Months before his death from a heart attack in 1972, the Northern California PGA honored Bateman. A circulatory illness had limited his mobility, so the Bateman Boys gifted him an electric golf cart. The pioneering instructor has received many posthumous honors, some from organizations he was previously banned from, and two documentaries are in the works.

After a Sports Illustrated article in the 1960s chronicled Bateman’s work with Lema, curious golfers from across the country came to Oakland for lessons. But Fridays were for playing, and he’d pick up a few kids after school and take them to courses across the Bay Area.
“He’s gonna pick me!” Coffey remembers hoping, before his game was polished enough to play 18 holes. “He picked me all right … to cut that grass.
“This game is so beautiful,” Coffey continued, looking over the South Course at Corica Park. “You meet so many good people.

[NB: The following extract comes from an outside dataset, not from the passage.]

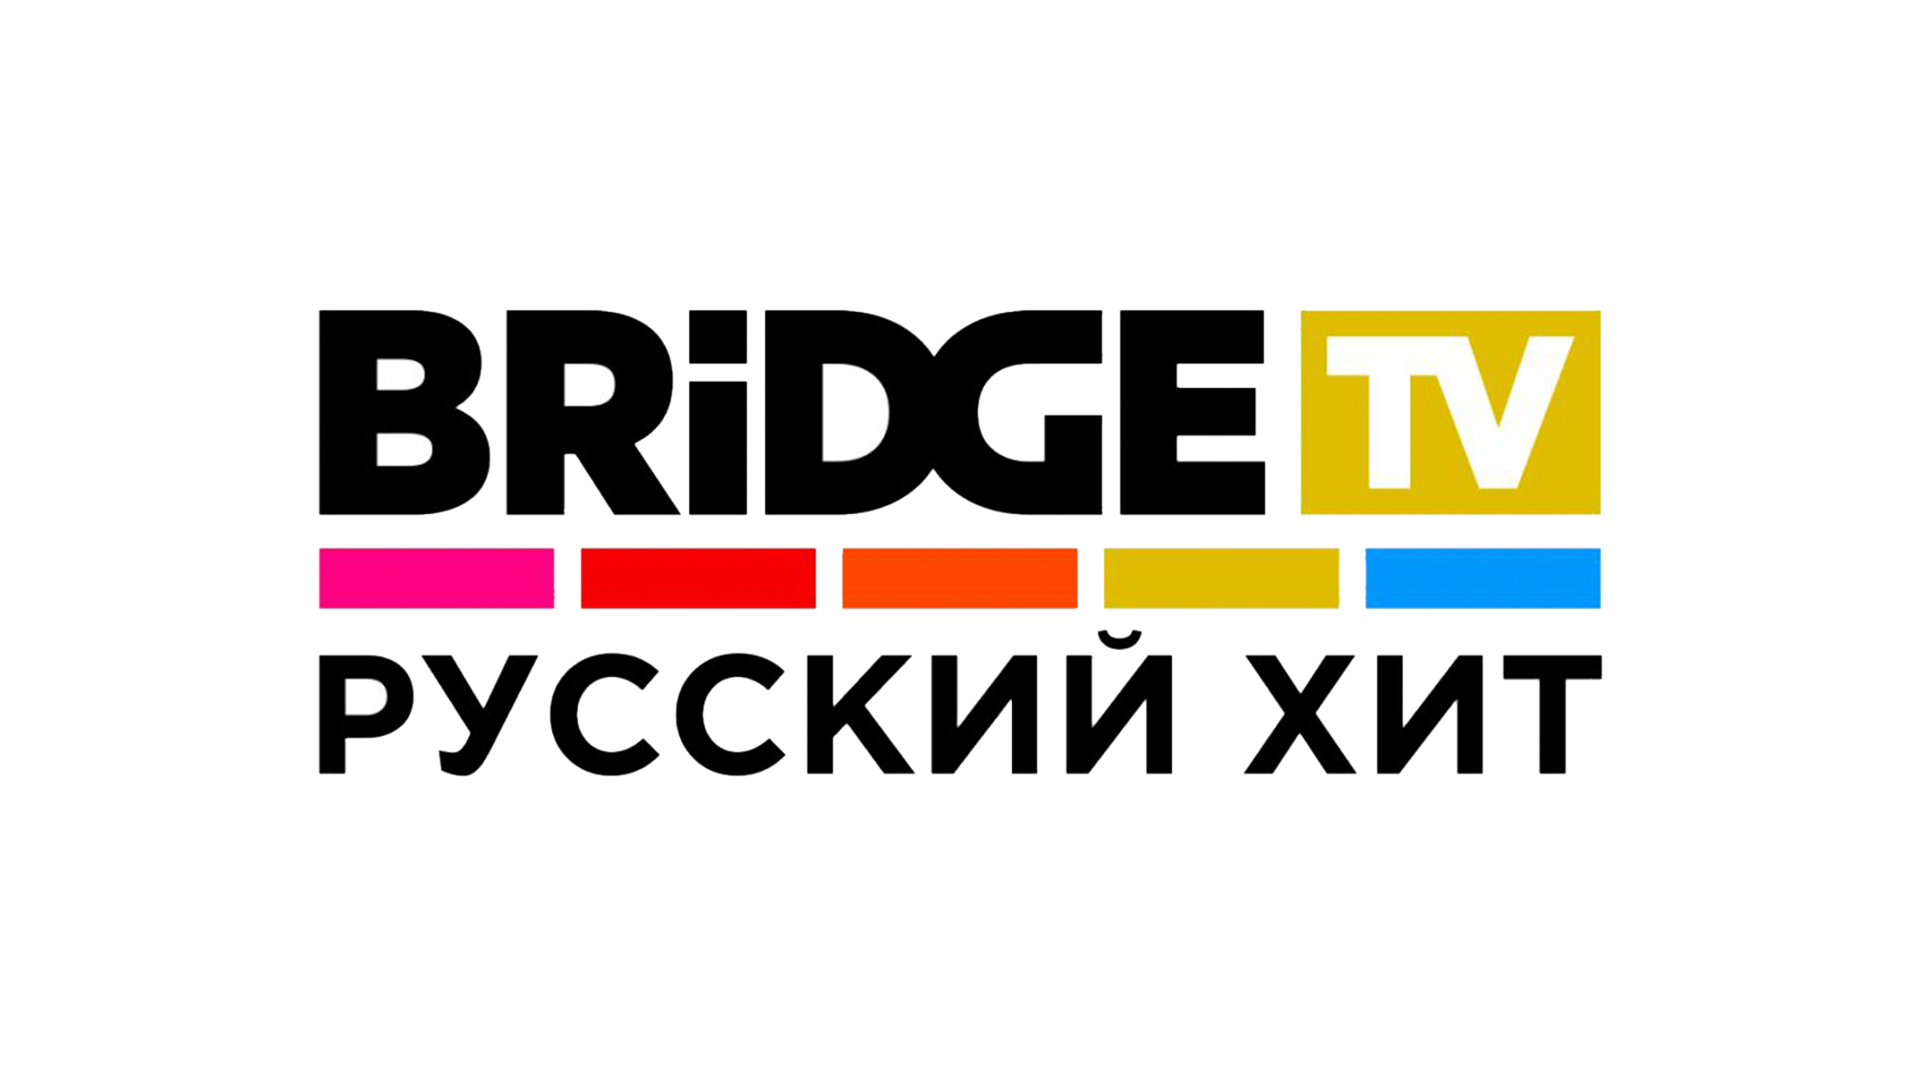 Русский жит. Bridge TV русский хит. Bridge TV логотип. Bridge TV русский хит логотип. Логотип канала бридж ТВ.

These courses, you can eat off them.”
Coffey was eventually picked.
At Castlemont High School, he was the only Black kid to compete in the Oakland Athletic League championships at Lake Chabot. “Golf to us was a sissy sport,” he recalls the perception being among friends. He laments the violence today in Oakland, bringing up the recent story of a mother killed by a stray bullet while sleeping in her own home. He hopes coaches like Bateman can get kids off the street and onto golf courses.
“They need to get that frustration out,” he said, “and you’ll see the talent.”